In this Arduino project having main components are Arduino kit, DC motor L298N Motor Drive IC. Here we have different ways how to control a DC Motor and also this is quite popular for many reasons which are Arduino DC Motor control using L298N.
A
DC motor is the simplest motor that beginners and hobbyists know. It is very easy to use: connect the two motor cables to the two terminals of a battery and that's it! Your motor starts spinning.
If you want to control the rotational speed of a simple
DC motor, there is a technique called
PWM DC motor control. The pulse width modulation or
PWM signal generated by this technique allows us to control the average voltage delivered to the
DC motor.
Now, the average voltage applied to the DC motor depends on what is known as the work cycle of the PWM signal. The working cycle of a PWM signal is nothing more than the ratio of the time the signal is activated or is HIGH to the total duration of the signal, that is, the time signal. The sum of the ON and OFF times.
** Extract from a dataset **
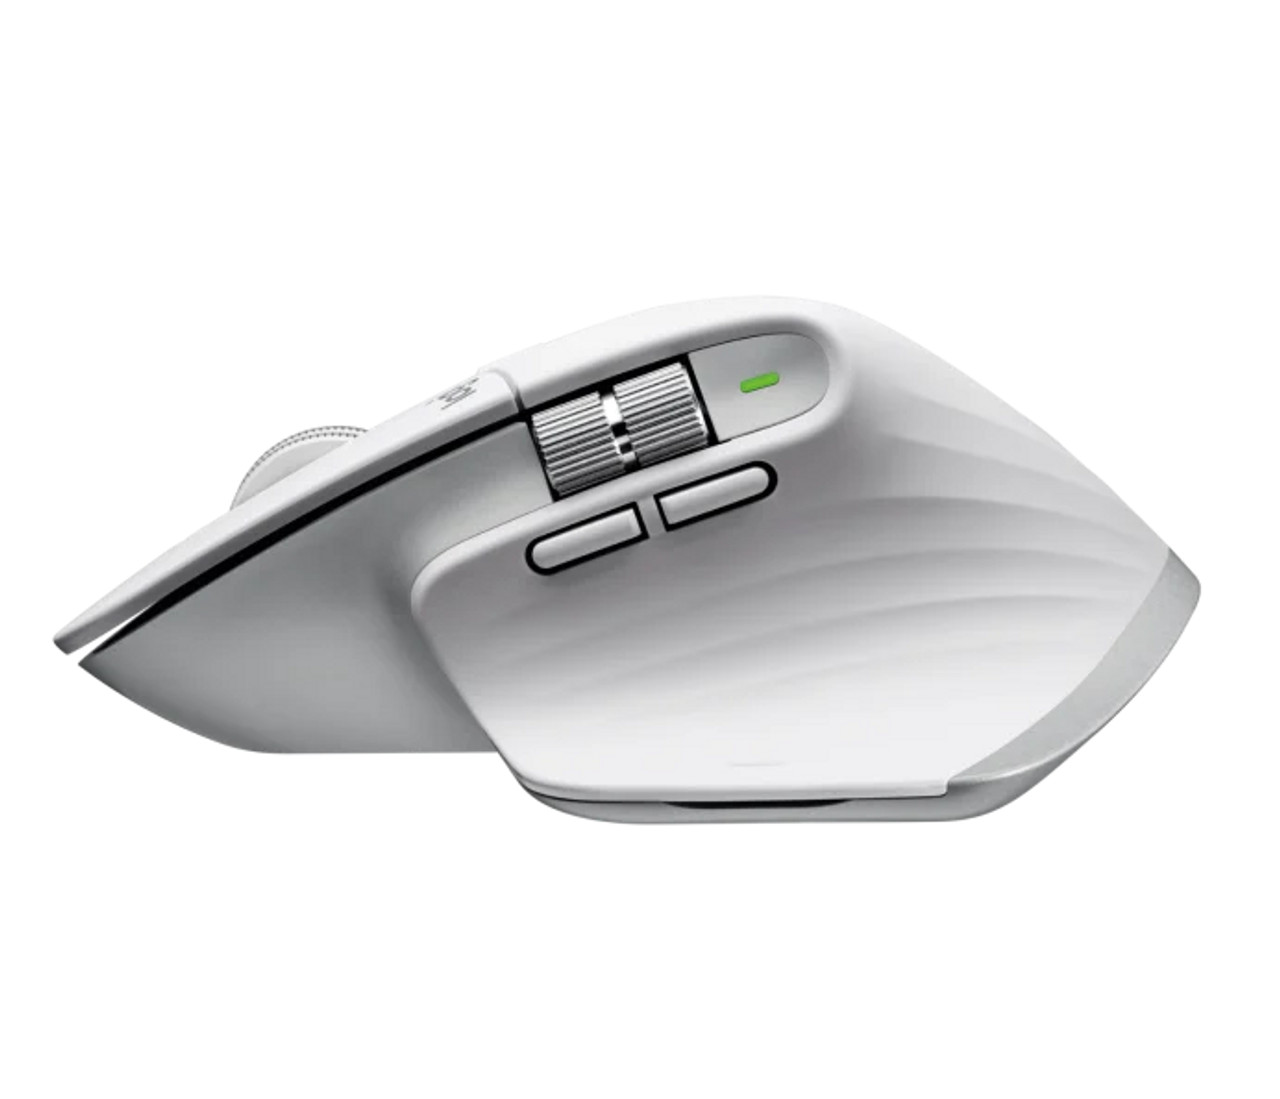 Logitech MX Master 3S Performance Mouse - Graphite (910-006559
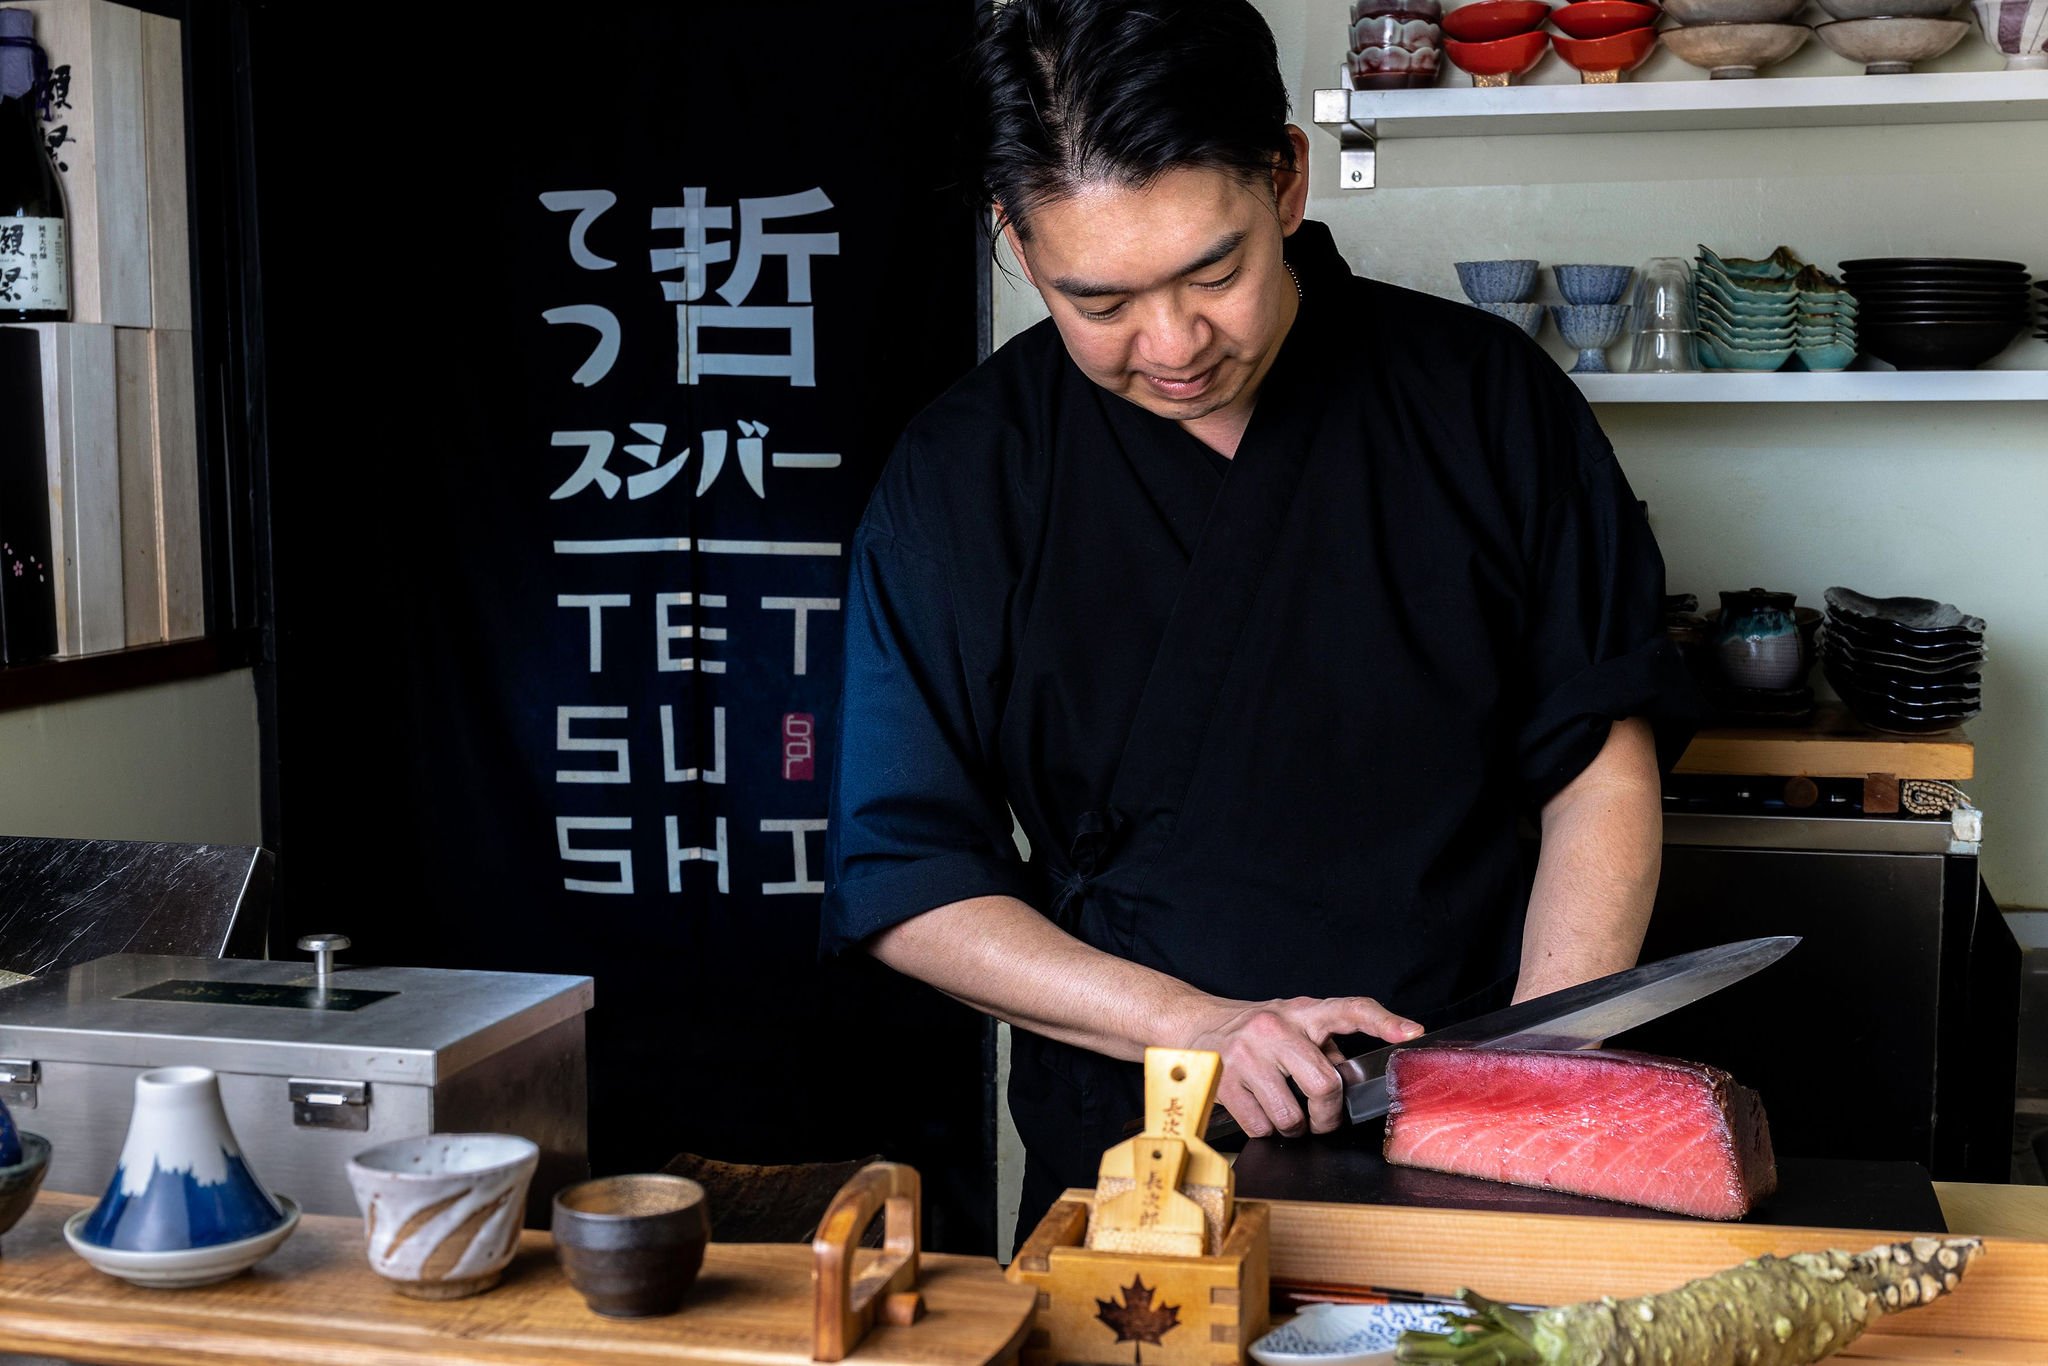 best-omakase-chef-vancouver-bc-tetsu-sushi-bar.jpg

The duty cycle is usually expressed as a percentage, and the following figure shows several PWM signals from a 12V supply with different duty cycles of 0%, 25%, 50%, 75% and 100%, respectively.
The PWM Signal from any source like Arduino in this example, can be given to the gate of a MOSFET and depend on the duty cycle of the PWM Signal, the speed of the DC Motor will vary.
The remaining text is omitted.